Turning to the interview itself, Buttiglione observes first:

And now what does Amoris laetitia propose?  

“Francis is taking a further step forward in this direction. He does not say that the divorced and remarried can receive or expect communion, hurrah! No! Divorce is awful and there can be no sexual acts outside of marriage. This moral teaching has not changed. The Pope says that now the divorced and remarried can go to confession, starting a path of discernment with the priest. As is done in every confession, for every sin, the priest must evaluate whether all the conditions exist for a sin to be considered mortal. To those of my colleagues who uttered strong words against Amoris laetitia I should mention that St. Pius X – not exactly a modernist Pope – in his Catechism recalled that mortal sin requires a grave matter, but also full awareness and deliberate consent, that is, full freedom to assume total responsibility for what I did.” 

(Emphasis supplied, except for the question, which was emphasized in the original.) He went on to say:

With the apostolic exhortation Amoris laetitia something has changed, then?  

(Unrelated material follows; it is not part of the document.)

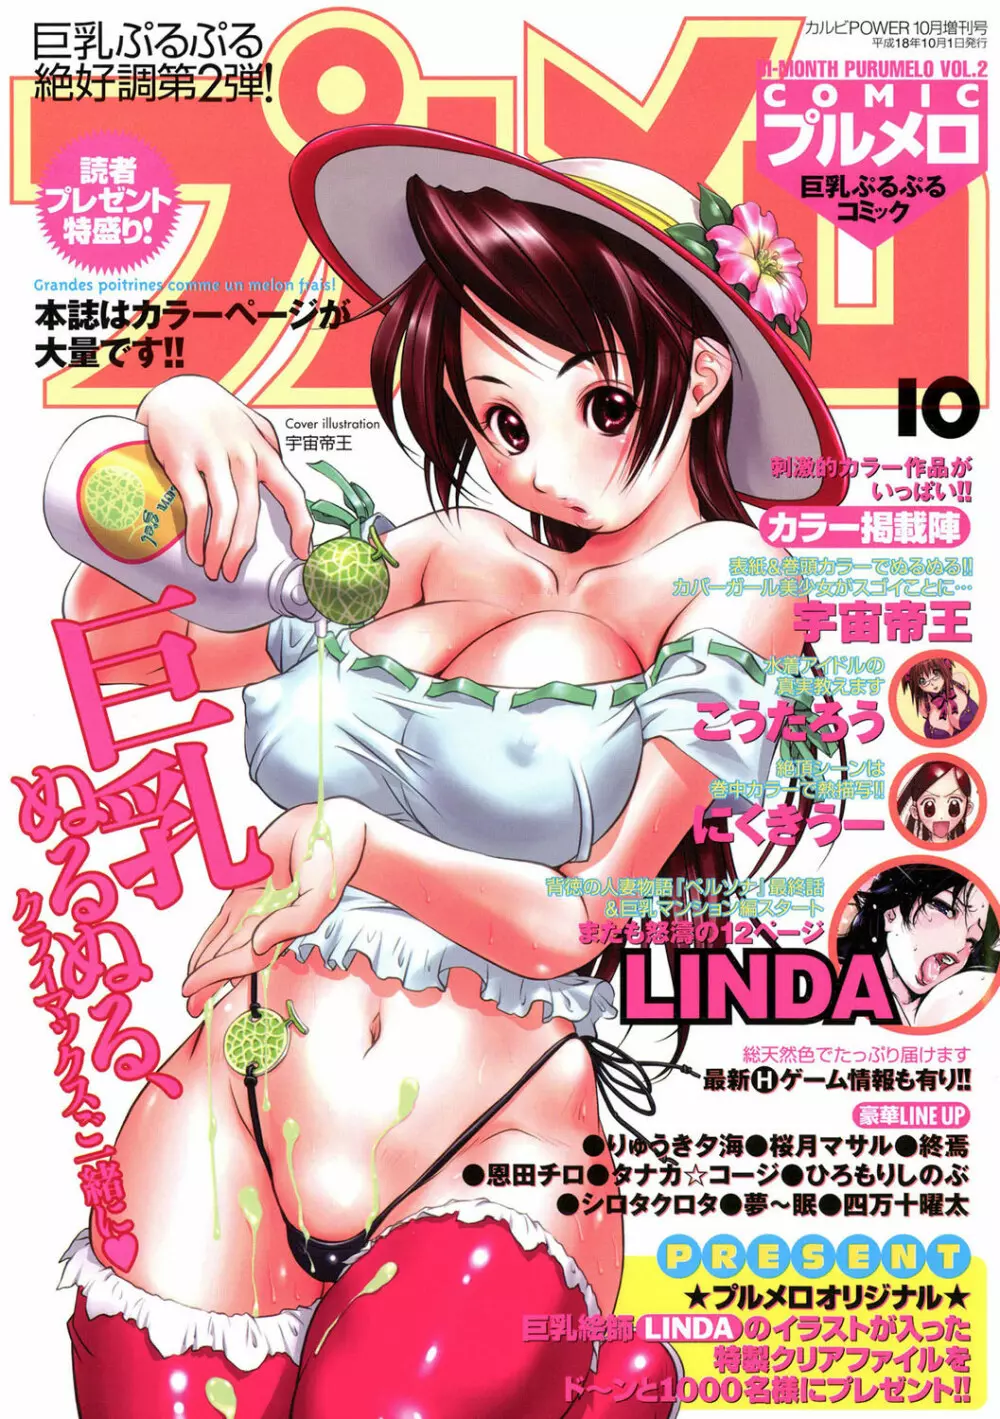 COMICプルメロ 2006年10月号 Vol.2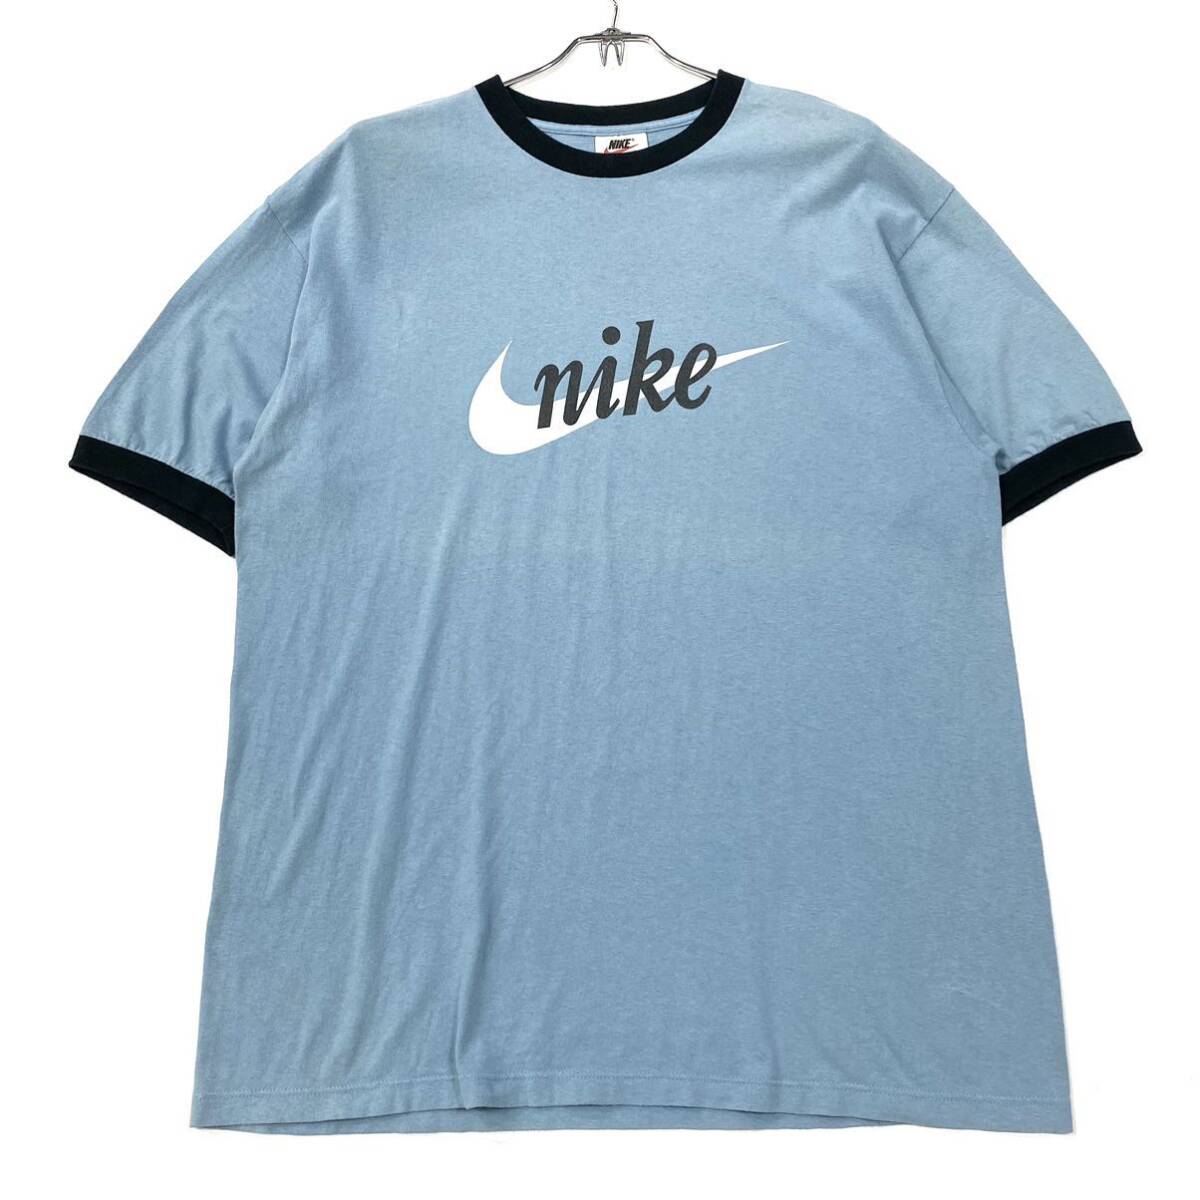 USA製 NIKE/ナイキ リンガーネックTシャツ メンズL ライトブルー/ネイビー_画像1

“Of course something has changed! But neither the morality nor the doctrine on the indissolubility of marriage have changed. The pastoral discipline of the Church is changing. Until yesterday, for the sin committed by the divorced and remarried, there was a presumption of total guilt. Now even for this sin the subjective aspect will be evaluated, as is the case for murder, for not paying taxes, for exploiting workers, for all the other sins we commit. The priest listens and also assesses the mitigating circumstances. Do these circumstances change the nature of the situation? No, a divorce and a new union remain objectively evil. Do these circumstances change the responsibility of the person involved? Maybe yes. You have to discern.”

(Emphasis supplied, except for the question, which was emphasized in the original.) In other words, Buttiglione recognizes that, applying the traditional framework for mortal sin, there may be mitigating circumstances for adultery and bigamy in concrete cases, especially with respect to knowledge and deliberate consent. Buttiglione very correctly says that, for any other sin, when one enters the confessional, there is a process of discernment: was it grave matter? Did one have full knowledge? Did one freely consent?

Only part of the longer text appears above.